While the debate rages about the recovery plan for our woodland caribou, and in order to make informed and balanced decisions, we must also weigh the environmental impacts that the establishment of protected areas will have in huge forest areas.

First, the greatest impact of these measures will be to reduce the annual allowable cut by hundreds of thousands of cubic meters of softwood. Thus, millions of board feet (board feet) will be withdrawn from the supply of lumber, from certified forests, on the Quebec and northeastern Canadian and American markets.

Also, the reduction in forestry supply sectors (without compensation measures) will have a major impact on high value-added products such as our engineered wood. Indeed, Quebec is increasingly producing this “key” material for the shift to carbon neutral buildings from black spruce from its boreal forests. For example, it is by substituting engineered wood, a “carbon-negative” material that sequesters carbon dioxide, for steel and concrete, that we can have a real impact in the fight against climatic changes.

As for traditional lumber, demand will be met in part by substitute products such as steel studs and concrete walls.

Other substitutes include lumber from eucalyptus plantations in Brazil, where huge Amazon forests are being destroyed.

It is difficult, however not impossible, to accurately measure the environmental impacts that the establishment of huge territories under protected areas will have, but we cannot claim that there will not be any or that they will be negligible. . Moreover, environmental groups, such as Nature Quebec, have refrained from even mentioning its existence, just as they avoid mentioning that the intensification of silvicultural work, to increase the production of wood on the territories ” remaining”, could be part of the “solution”.

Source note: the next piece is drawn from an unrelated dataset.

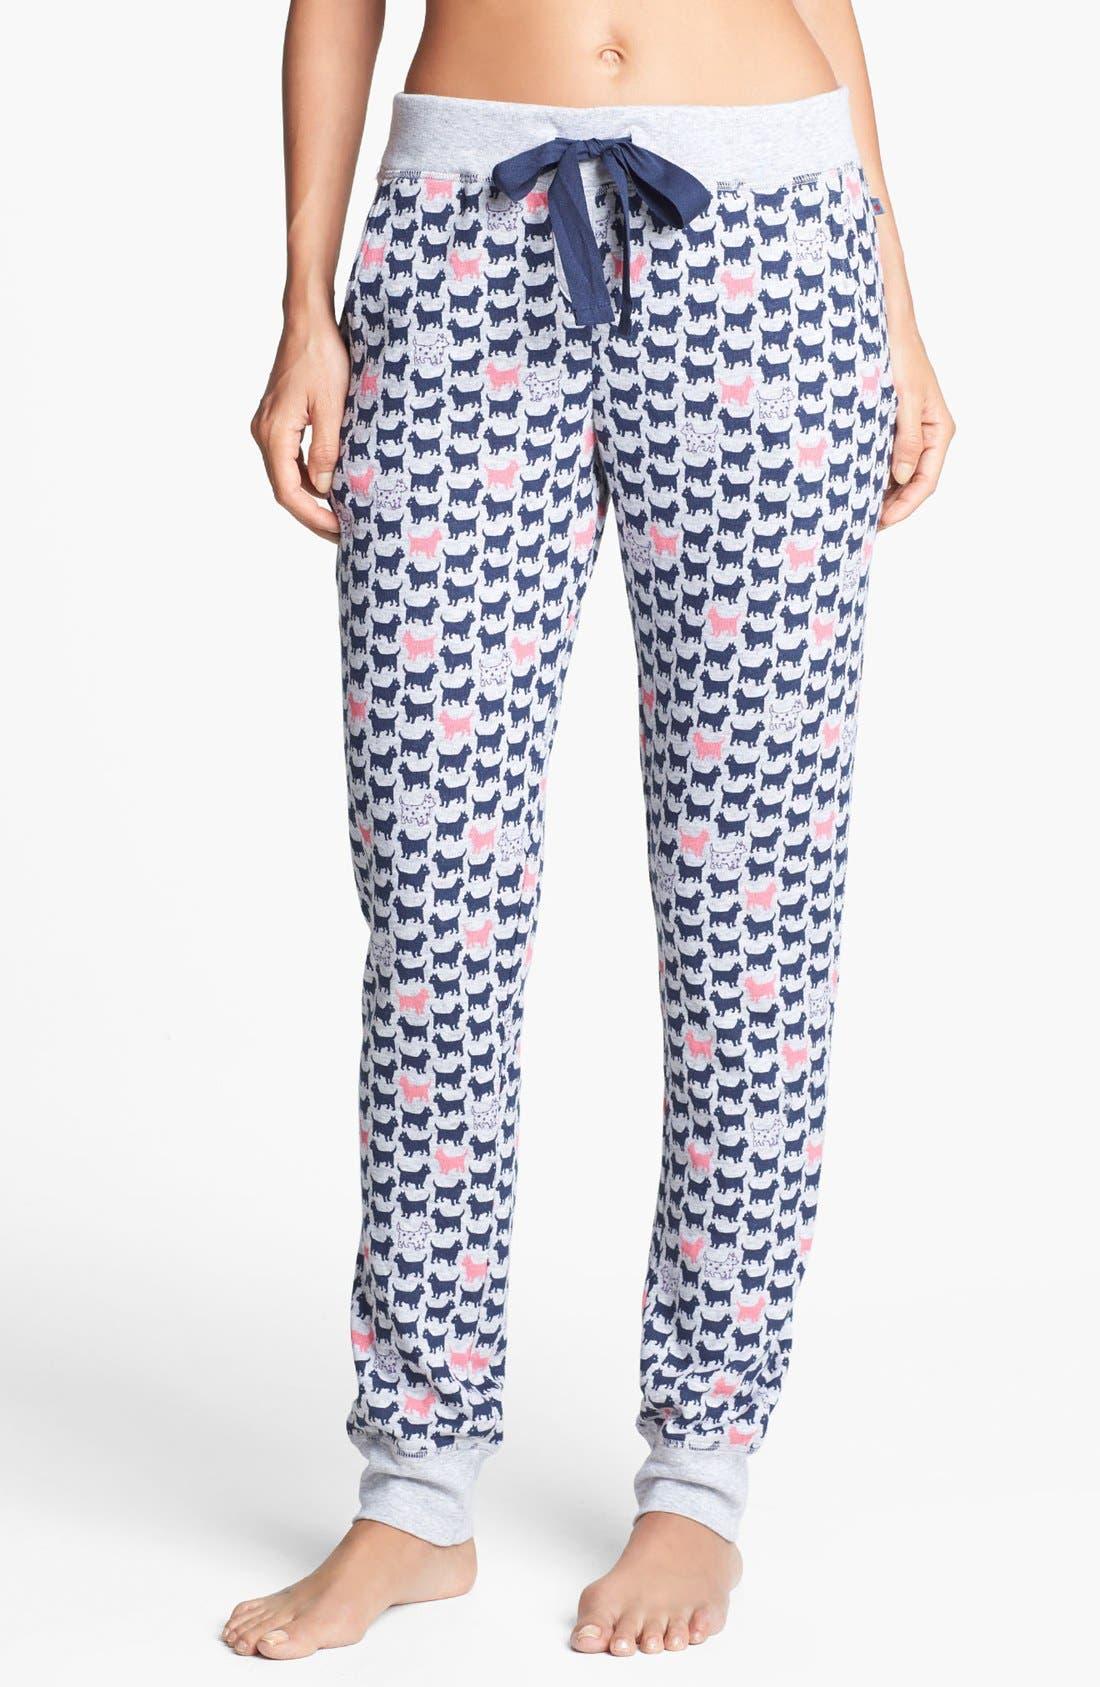 Alternate Image 1 Selected - Jane & Bleecker New York Double Knit Pants

Their “solution” (increasing protected areas without intensifying forestry) is not optimal, neither in terms of environmental protection nor in terms of sustainable development. In fact, our wood industry is a powerful lever in the fight against climate change, and both Nature Quebec and CPAWS are careful not to talk about it. They prefer to attack the credibility of the Boreal Forest Alliance. It is difficult to criticize them for a lack of partisanship or an increase in objectivity.

It remains to be hoped that the caribou recovery strategy will be balanced: listening to indigenous and forest communities while substantially maintaining our timber production considering its positive impacts in the fight against climate change and in terms of the creation of collective economic wealth. It is risky, even illogical, to want to move towards carbon neutrality by slashing our production of lumber and engineered wood.